(Dataset items)
_____
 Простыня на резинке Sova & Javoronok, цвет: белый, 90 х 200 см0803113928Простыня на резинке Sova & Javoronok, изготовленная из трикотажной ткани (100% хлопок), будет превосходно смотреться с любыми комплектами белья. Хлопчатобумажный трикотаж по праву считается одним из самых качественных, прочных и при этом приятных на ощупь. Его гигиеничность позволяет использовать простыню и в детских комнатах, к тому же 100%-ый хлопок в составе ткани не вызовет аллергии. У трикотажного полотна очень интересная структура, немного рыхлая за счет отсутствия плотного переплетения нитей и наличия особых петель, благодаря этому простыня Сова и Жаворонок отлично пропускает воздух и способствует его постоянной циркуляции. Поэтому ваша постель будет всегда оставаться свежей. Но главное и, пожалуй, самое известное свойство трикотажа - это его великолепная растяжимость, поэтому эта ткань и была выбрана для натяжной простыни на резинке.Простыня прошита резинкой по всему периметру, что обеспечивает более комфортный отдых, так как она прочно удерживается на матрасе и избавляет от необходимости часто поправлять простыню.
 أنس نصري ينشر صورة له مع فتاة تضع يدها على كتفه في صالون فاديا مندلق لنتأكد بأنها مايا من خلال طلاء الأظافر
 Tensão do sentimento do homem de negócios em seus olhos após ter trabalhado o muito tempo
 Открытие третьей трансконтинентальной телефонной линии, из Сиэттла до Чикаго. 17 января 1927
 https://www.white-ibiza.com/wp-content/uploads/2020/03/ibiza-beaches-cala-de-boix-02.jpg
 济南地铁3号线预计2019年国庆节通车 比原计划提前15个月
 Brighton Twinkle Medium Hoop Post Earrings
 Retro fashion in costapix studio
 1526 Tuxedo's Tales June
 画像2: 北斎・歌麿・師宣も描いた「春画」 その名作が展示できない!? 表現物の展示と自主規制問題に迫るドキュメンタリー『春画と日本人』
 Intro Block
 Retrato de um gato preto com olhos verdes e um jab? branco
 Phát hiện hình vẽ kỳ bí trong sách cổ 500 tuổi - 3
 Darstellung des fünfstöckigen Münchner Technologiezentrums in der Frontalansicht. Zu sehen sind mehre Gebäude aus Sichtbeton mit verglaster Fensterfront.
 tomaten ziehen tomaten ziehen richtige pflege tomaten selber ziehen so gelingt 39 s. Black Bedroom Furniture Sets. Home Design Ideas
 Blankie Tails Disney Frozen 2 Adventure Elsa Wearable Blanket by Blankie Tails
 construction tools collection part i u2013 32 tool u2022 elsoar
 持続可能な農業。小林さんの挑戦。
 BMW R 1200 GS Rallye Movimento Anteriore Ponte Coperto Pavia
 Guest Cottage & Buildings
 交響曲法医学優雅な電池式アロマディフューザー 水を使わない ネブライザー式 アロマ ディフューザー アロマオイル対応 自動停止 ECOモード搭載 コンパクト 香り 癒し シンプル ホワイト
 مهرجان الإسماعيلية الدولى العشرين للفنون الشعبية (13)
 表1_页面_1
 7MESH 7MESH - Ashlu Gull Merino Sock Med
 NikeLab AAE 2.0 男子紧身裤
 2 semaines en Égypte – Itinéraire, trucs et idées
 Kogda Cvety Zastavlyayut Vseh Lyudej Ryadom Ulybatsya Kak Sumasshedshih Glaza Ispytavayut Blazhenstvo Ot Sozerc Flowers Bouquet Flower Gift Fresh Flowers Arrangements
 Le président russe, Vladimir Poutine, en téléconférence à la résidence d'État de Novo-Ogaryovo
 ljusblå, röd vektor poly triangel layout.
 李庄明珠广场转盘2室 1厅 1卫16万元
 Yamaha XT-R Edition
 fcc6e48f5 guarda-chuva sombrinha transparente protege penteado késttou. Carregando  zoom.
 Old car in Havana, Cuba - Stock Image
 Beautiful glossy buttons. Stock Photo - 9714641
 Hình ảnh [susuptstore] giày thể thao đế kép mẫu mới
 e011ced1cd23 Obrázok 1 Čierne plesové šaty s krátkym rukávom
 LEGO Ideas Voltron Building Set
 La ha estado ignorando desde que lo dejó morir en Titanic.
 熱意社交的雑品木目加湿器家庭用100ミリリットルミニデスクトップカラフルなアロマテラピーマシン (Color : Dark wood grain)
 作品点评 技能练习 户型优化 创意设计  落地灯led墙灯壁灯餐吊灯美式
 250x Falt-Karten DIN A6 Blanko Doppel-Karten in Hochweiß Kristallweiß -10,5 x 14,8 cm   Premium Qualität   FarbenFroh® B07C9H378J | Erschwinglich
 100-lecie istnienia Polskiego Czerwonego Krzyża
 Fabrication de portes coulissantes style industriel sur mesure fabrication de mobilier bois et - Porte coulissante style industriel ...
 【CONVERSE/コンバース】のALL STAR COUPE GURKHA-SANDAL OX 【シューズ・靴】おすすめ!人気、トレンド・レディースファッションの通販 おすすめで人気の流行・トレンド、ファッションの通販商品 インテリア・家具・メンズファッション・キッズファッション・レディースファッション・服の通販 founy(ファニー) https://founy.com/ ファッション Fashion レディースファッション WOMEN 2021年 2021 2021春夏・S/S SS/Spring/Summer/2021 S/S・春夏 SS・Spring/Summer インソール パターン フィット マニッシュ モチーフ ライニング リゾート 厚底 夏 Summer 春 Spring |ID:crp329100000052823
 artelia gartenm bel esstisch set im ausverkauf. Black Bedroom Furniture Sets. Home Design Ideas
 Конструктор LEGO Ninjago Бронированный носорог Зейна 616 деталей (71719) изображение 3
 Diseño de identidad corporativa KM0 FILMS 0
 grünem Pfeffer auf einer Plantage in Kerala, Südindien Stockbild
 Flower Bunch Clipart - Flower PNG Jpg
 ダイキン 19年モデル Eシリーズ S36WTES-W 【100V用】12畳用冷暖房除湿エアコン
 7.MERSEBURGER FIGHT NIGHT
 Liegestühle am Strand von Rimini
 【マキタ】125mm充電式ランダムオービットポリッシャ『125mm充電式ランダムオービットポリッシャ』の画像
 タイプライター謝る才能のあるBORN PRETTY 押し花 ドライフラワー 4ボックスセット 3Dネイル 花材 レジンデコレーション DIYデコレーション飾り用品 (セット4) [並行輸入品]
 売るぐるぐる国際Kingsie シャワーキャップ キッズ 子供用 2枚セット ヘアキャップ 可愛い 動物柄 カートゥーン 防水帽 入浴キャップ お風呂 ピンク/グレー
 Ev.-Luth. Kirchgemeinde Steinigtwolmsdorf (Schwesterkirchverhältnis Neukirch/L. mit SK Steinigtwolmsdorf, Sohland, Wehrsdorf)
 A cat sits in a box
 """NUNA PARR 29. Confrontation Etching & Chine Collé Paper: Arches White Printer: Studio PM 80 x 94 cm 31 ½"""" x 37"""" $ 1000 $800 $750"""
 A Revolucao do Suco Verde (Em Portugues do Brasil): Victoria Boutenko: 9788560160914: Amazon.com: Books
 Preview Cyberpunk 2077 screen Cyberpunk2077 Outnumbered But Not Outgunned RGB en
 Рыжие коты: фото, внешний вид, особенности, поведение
_____
- WHAT IS BEING ASKED -
The exercise is to copy out every line above that has the word "LEGO" in it.

- PROBLEM SOLUTION -
 LEGO Ideas Voltron Building Set
 Конструктор LEGO Ninjago Бронированный носорог Зейна 616 деталей (71719) изображение 3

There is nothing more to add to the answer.